By James F. Tracy
Progressive-left media icon Jeremy Scahill told a caller to C-SPAN’s Book TV that Austin Texas talk show host Alex Jones is a “lunatic” and a significant detriment to “real journalism that journalists are doing.”
Scahill was asked who he thought represented “the most legimate … form of journalism”–Jones or Amy Goodman. “[I have] to be very careful about choosing my words here,” Scahill cautioned. The writer then proceeded to call Jones an “absolute, die-hard lunatic, and to even mention him in the same sentence as Amy Goodman is an incredible insult to Amy Goodman.”
Alex Jones has forwarded some of the most outrageous, ridiculous conspiracy theories about how the world works. And whatever good he might be doing in what he does is completely overshadowed by the fact that he is pushing outright lies and propaganda on a regular basis and I think that it ultimately subverts the importance of real journalism that independent journalists are doing on a regular basis by giving the impression that everyone’s running around wearing a tin foil hat.
The progressive author’s outburst begs the question, What exactly is “real journalism”? What are the characteristics of “alternative media”? Who has a legitimate claim to that mantle? And, what broader interests do attacks like these serve? This arguably has far less to do with journalistic legitimacy and a sincere regard for truth than it does with the less-apparent forces that seek to define political debate–and division.
The Puffin Foundation Writing Fellow at the foundation-funded Nation Institute, Scahill previously worked as a producer on Goodman’s Democracy Now! news program, also a major recipient of foundation funding. Scahill is also a frequent guest on corporate news outlet MSNBC.

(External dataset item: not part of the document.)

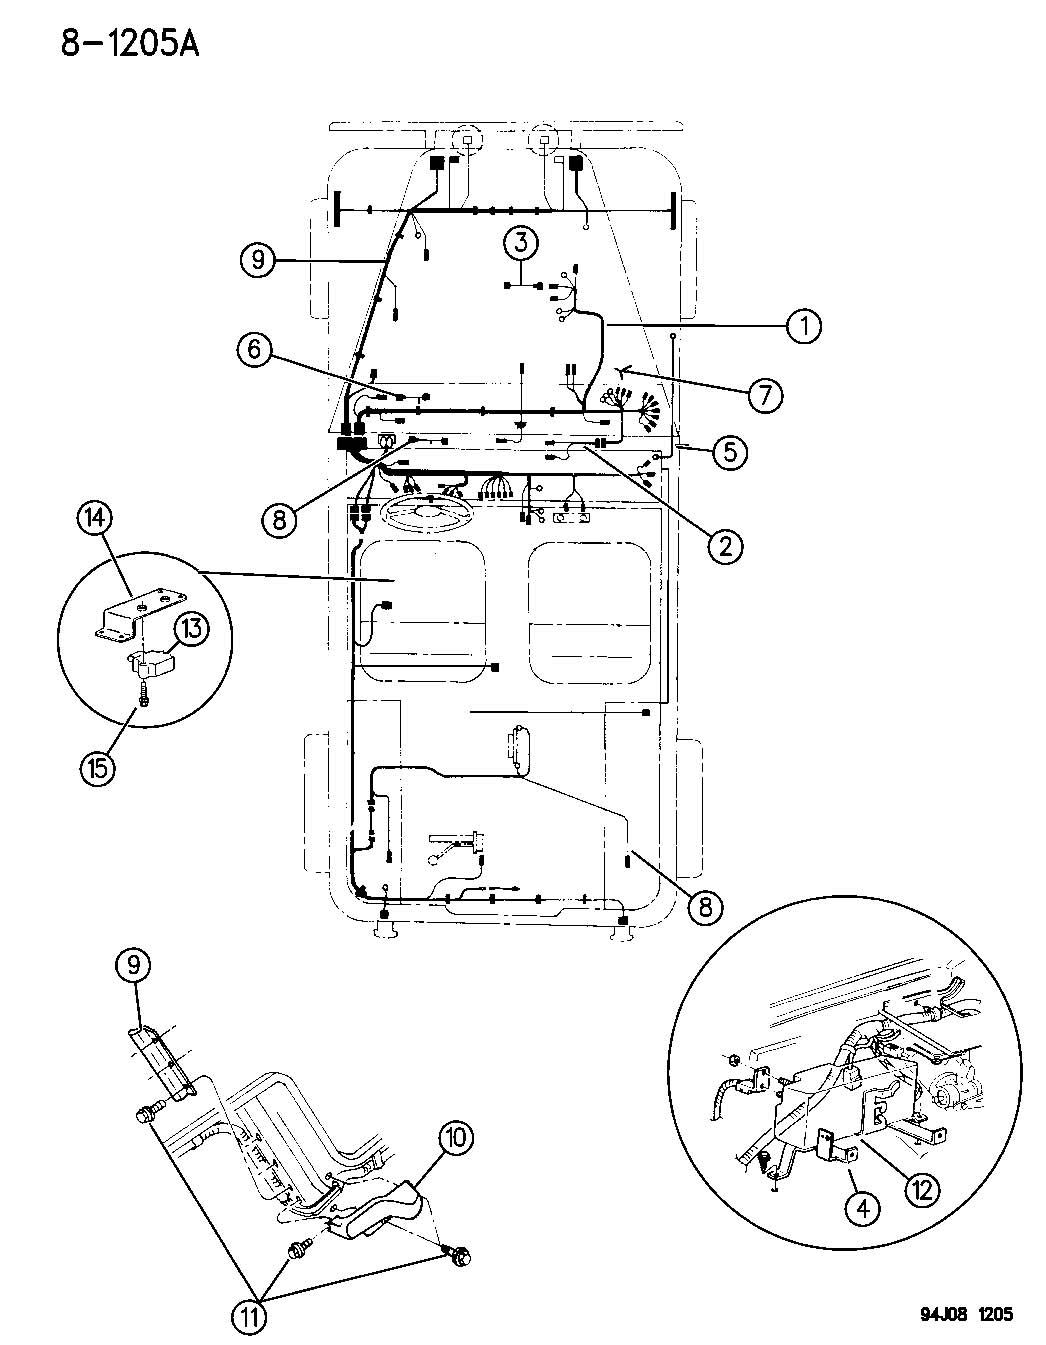 1998 jeep wrangler tj wiring diagram 2010 engine free image

Does money from philanthropic foundations predispose progressive media figures to cast aspersion on public gadflies who defy easy left/right categorization? Closely resembling typical attacks from the left, Scahill appears to have no option but to dismiss such alternative journalists and commentators as “conspiracy theorists,” or otherwise as wholly irrational. This renders such figures outside the parameters of what Scahill and his coterie perceive as legitimate debate. Nevermind the journalistic burden of proof that rightly accompanies such accusations.
A recent exchange on Facebook facilitated by a colleague with media critic Steve Rendall of progressive media watchdog group Fairness and Accuracy in Reporting (FAIR) is illustrative of the vulnerability such individuals have when the conversation turns to the question of financing.
Rendall took issue with an article I wrote specifically addressing the relationship between foundation funding and the independence of news media professing to be “alternative” or “radical.” Rendall argued that I was not placing Noam Chomsky in proper context, which I viewed as a red herring to my original premise.
I proceeded to point out how FAIR was the recipient of $3.5 million in funding between 2007 and 2011, and that this should be made note of, particularly in light of my article’s subject matter. A portion of FAIR’s income stream came from major foundations, including Ford.
At the suggestion of FAIR’s funding, Rendall turned hostile, noting that if it were not for such foundation-funded entities the “US left would be nearly non-existent.”
I don’t hide who I am. Anyone who cares, can look me up. And FAIR is a 501c3, or not-for-profit organization. Our status and major donations are a matter of public record. So you can stop pretending like you’ve done some kind of deep sleuthing.
Most of our money comes from individual contributors, but we get some foundation money. I wish we got more. The US left would be nearly non-existent without non-profits like Pacifica, Democracy Now!, and many others. (My emphasis.)
But seriously James, Global Research? Really? What’s the matter, Infowars or Michael Ruppert didn’t have any “dirt” on FAIR?
Poorly-reasoned and even vitriolic remarks like Scahill’s and Rendall’s must be placed in a broader context. Are they really speaking to their readerships? Certainly to some degree, for many of their adherents see themselves as similarly partisan in terms of social justice and the environment-related issues.
Yet such statements are also no doubt directed toward parties outside the tent–those that provide them with the financial means to enact their projects–and perhaps even motivated by an intelligence community that has an established history in promoting such confusion and disinformation to thwart serious challenges to the political-economic status quo.
The greatest challenge to that status quo might be waged once those on the “left” and “right” move beyond their politics of imagined opinion and allegiance toward a common understanding of the oppressive forces arrayed against them.